- _ASSIGNMENT_:
Restate every line below word for word, but drop each picture.

Top of SOURCE DATA

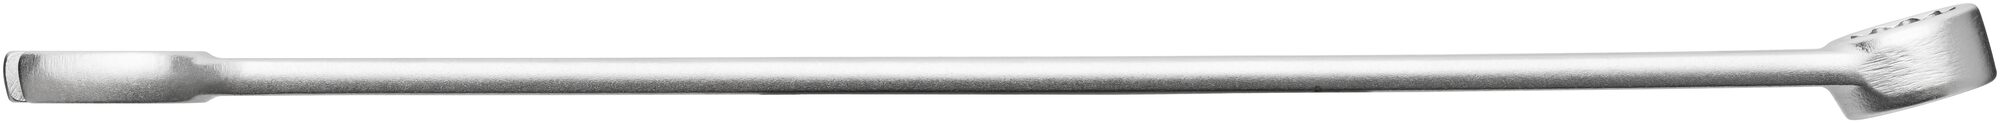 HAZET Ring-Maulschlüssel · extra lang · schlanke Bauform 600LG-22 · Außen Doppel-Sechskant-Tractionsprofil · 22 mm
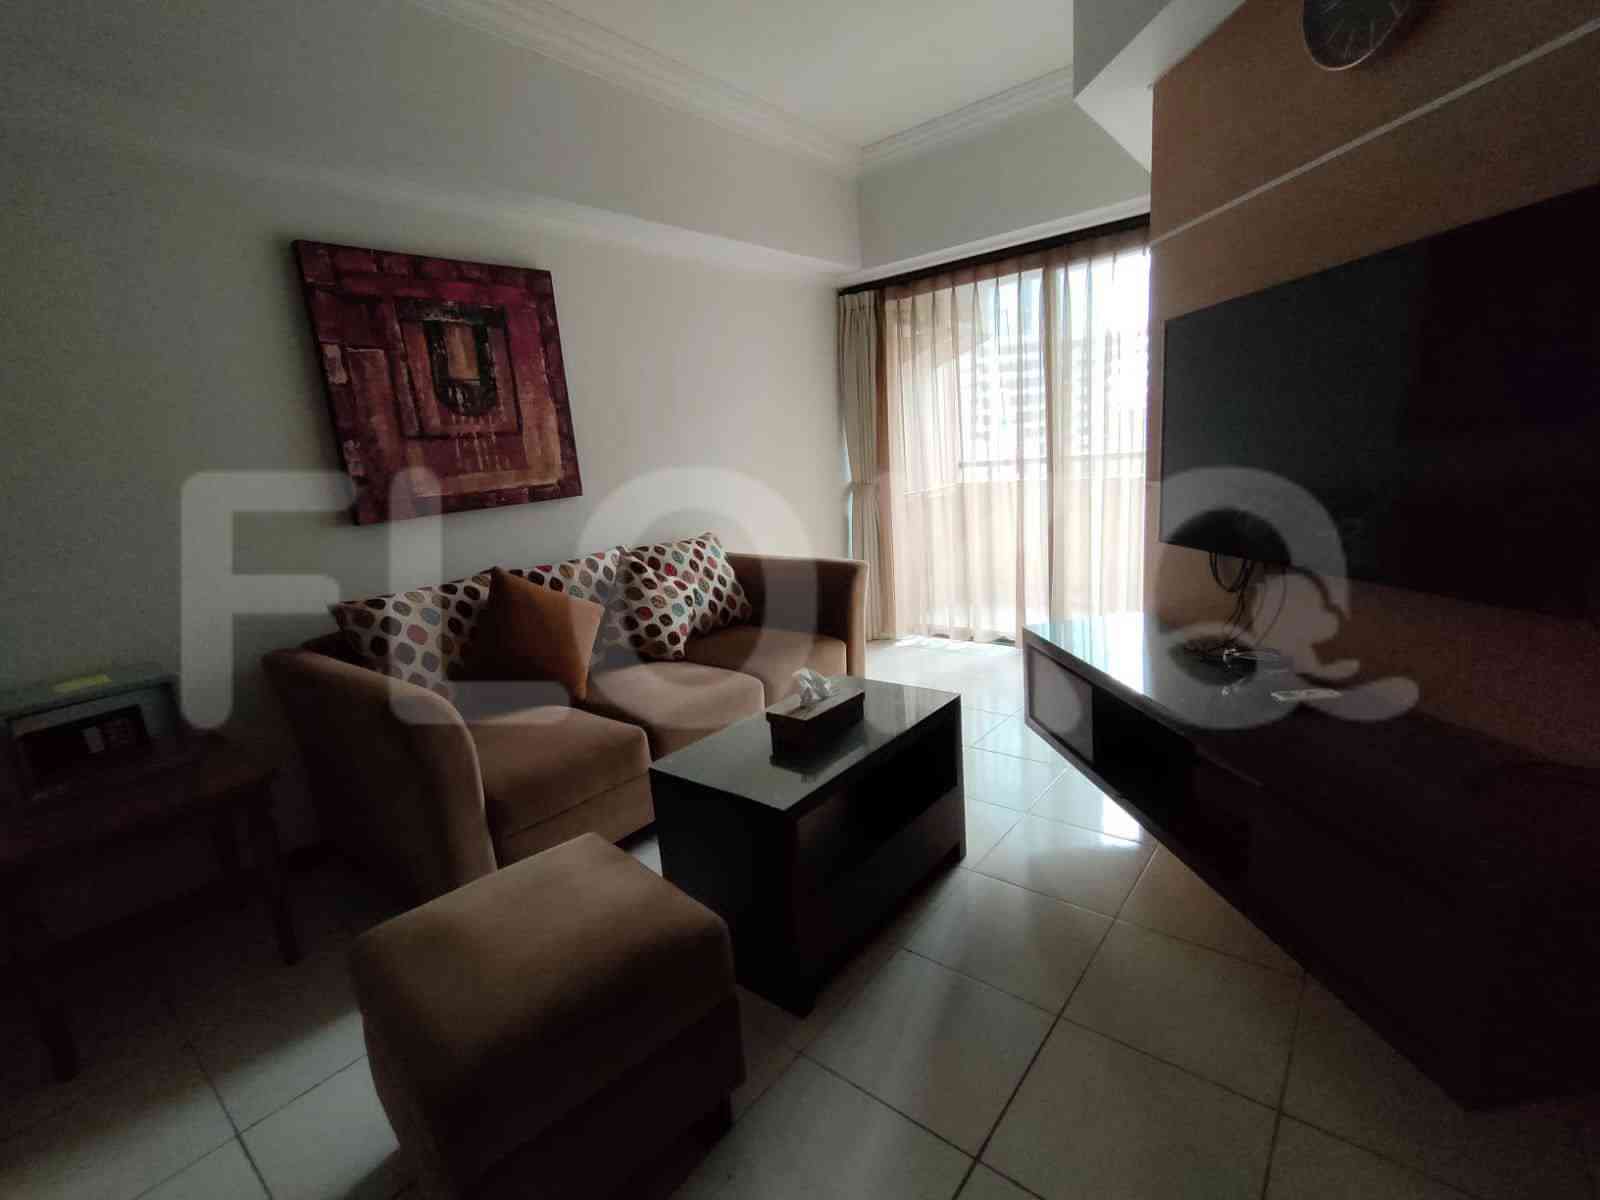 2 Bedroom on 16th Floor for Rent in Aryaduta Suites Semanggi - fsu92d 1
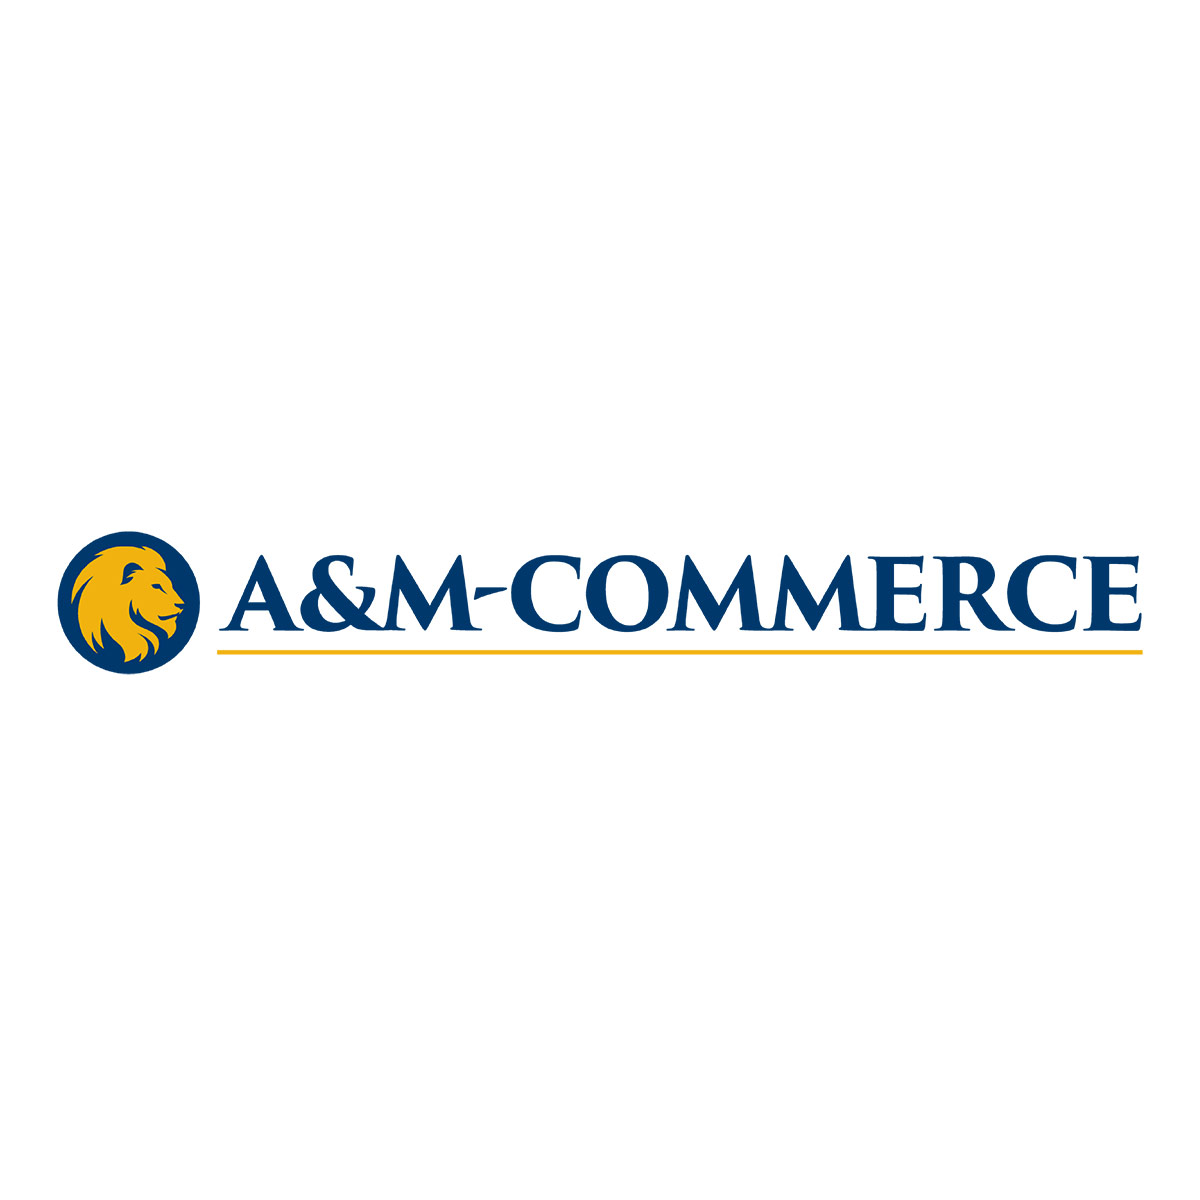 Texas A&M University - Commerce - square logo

Bottom of SOURCE DATA

- _RESULT_:
 HAZET Ring-Maulschlüssel · extra lang · schlanke Bauform 600LG-22 · Außen Doppel-Sechskant-Tractionsprofil · 22 mm
 2 Bedroom on 16th Floor for Rent in Aryaduta Suites Semanggi - fsu92d 1
 Texas A&M University - Commerce - square logo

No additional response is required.